"Kawasaki Disease" in easy-to-understand terms, explained by Pediatrician Dr. Kenneth Pomar Rebong
"Kawasaki Disease" usually affects young children under the age of five. In a new article, Dr. Kenneth P. Rebong explains the symptoms, treatments and precautions one can take to avoid it.
By: Dr. Kenneth Pomar Rebong
If diagnosed and treated on time, Kawasaki can be controlled and minimum impact occurs. However, if the condition is not acknowledged on time, it mostly leads to complications like heart diseases and Reye's disease, which ultimately lead to death. If treatment begins at the early stages of the disease, most of the children usually end up recovering completely. Fortunately, most children affected by Kawasaki disease recover without any complications or chronic diseases.

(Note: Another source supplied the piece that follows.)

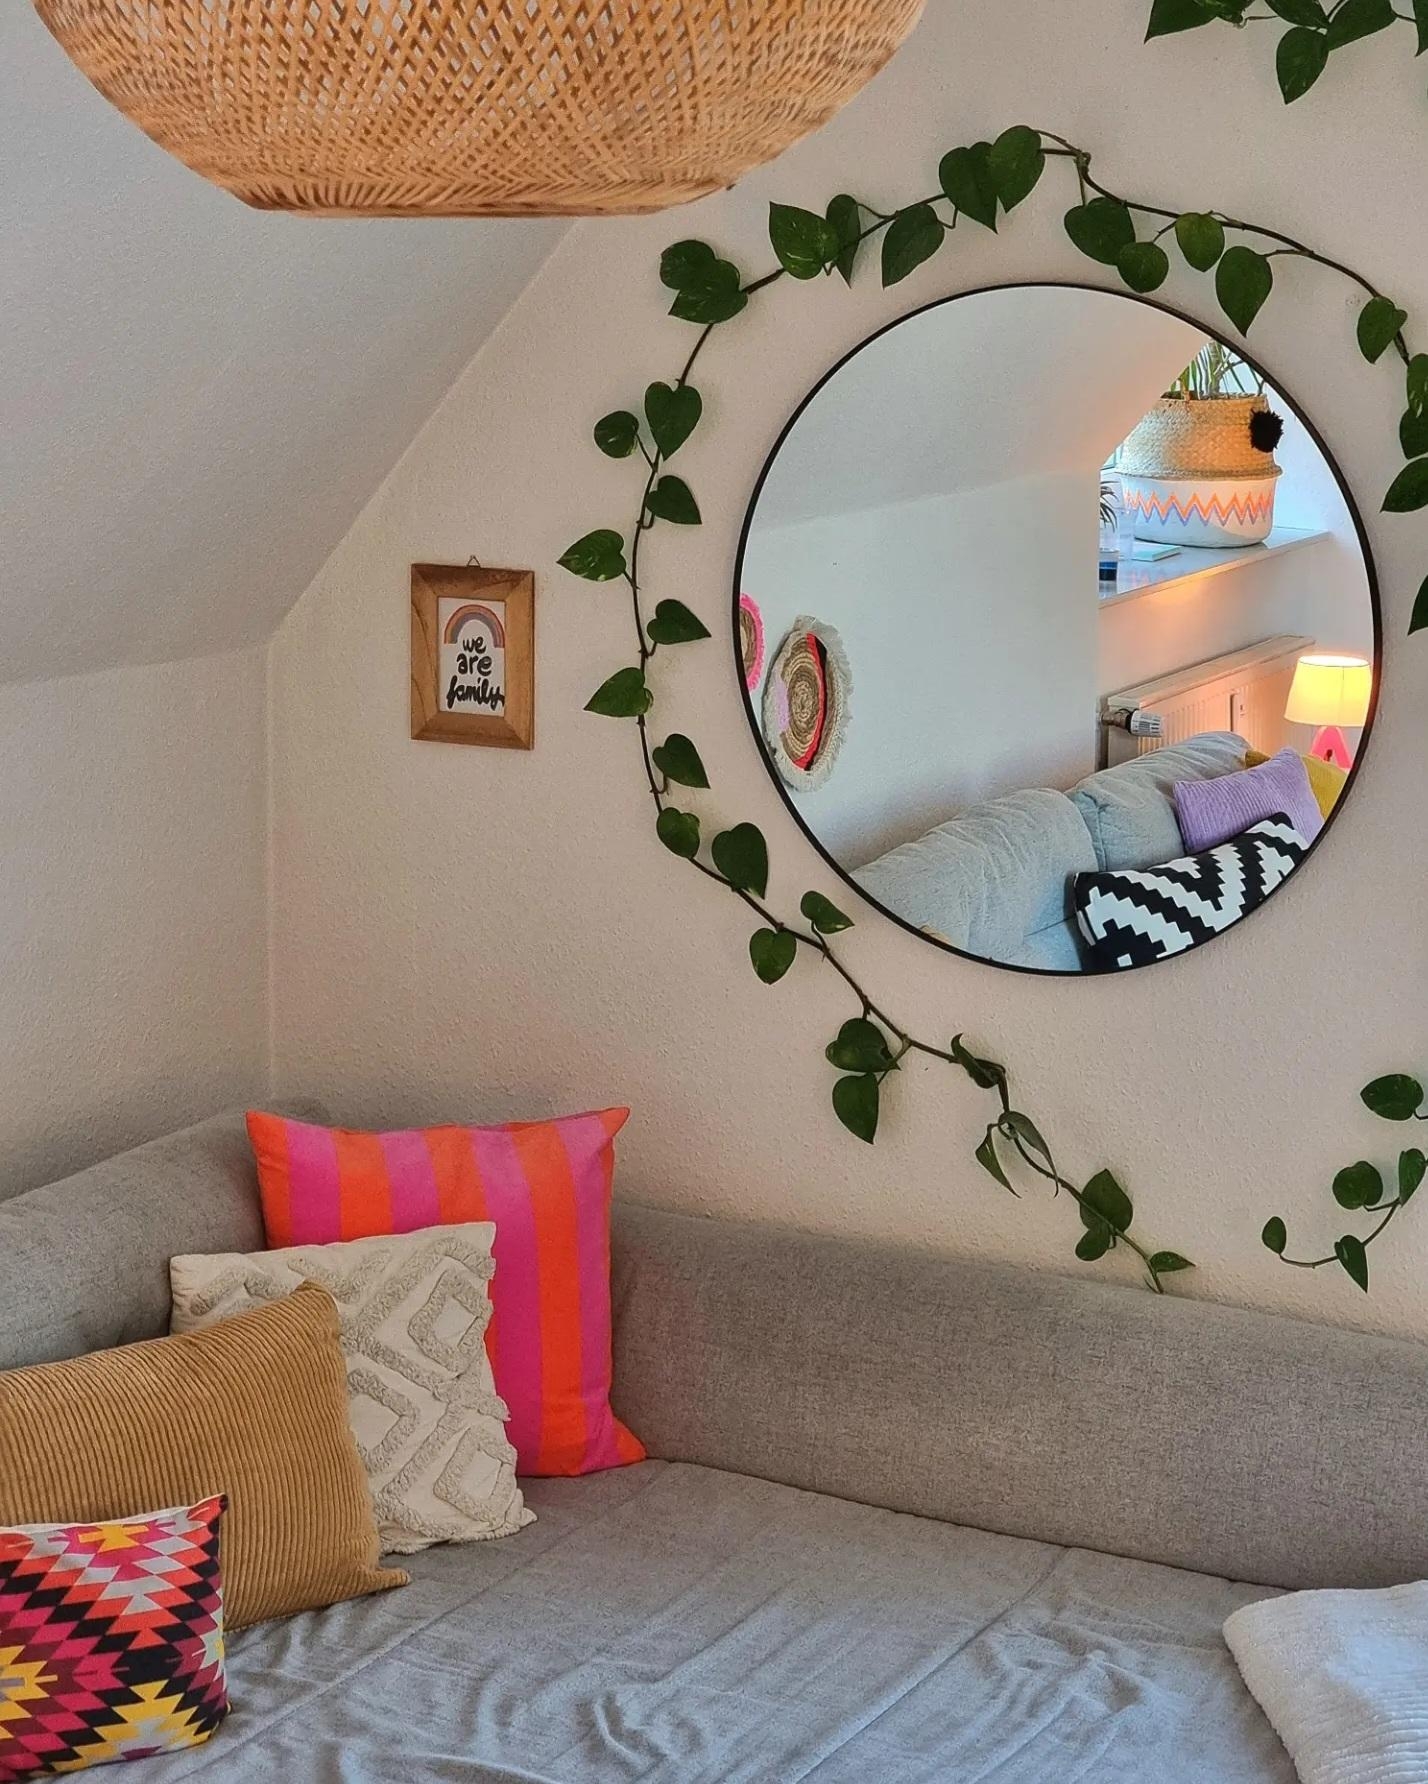 #Summerfeeling geht weiter 💛 #Wohnzimmer #Dachschräge #Livingroom #Bohostyle #Greenterior #Colorfulhome #couchliebt

This condition involves problems of the mouth, skin, heart, nose throat, and lymph nodes. Kawasaki disease typically targets children under the age of five. When an adolescent is suffering from the Kawasaki disease, the blood vessels in his entire body become inflamed. This inflammation leads to coronary artery damage since blood cannot be transported to the heart as efficiently as it used to. This eventually leads to death of the patient.
The exact cause of the disease is still unknown; however, researchers claim that Kawasaki is potentially linked to genetics. Hereditary factors are also claimed to be responsible for the disease. They believe that this disease is probably related to a combination of different genetic material, viral and bacterial exposures, toxins and irritant chemicals and substances.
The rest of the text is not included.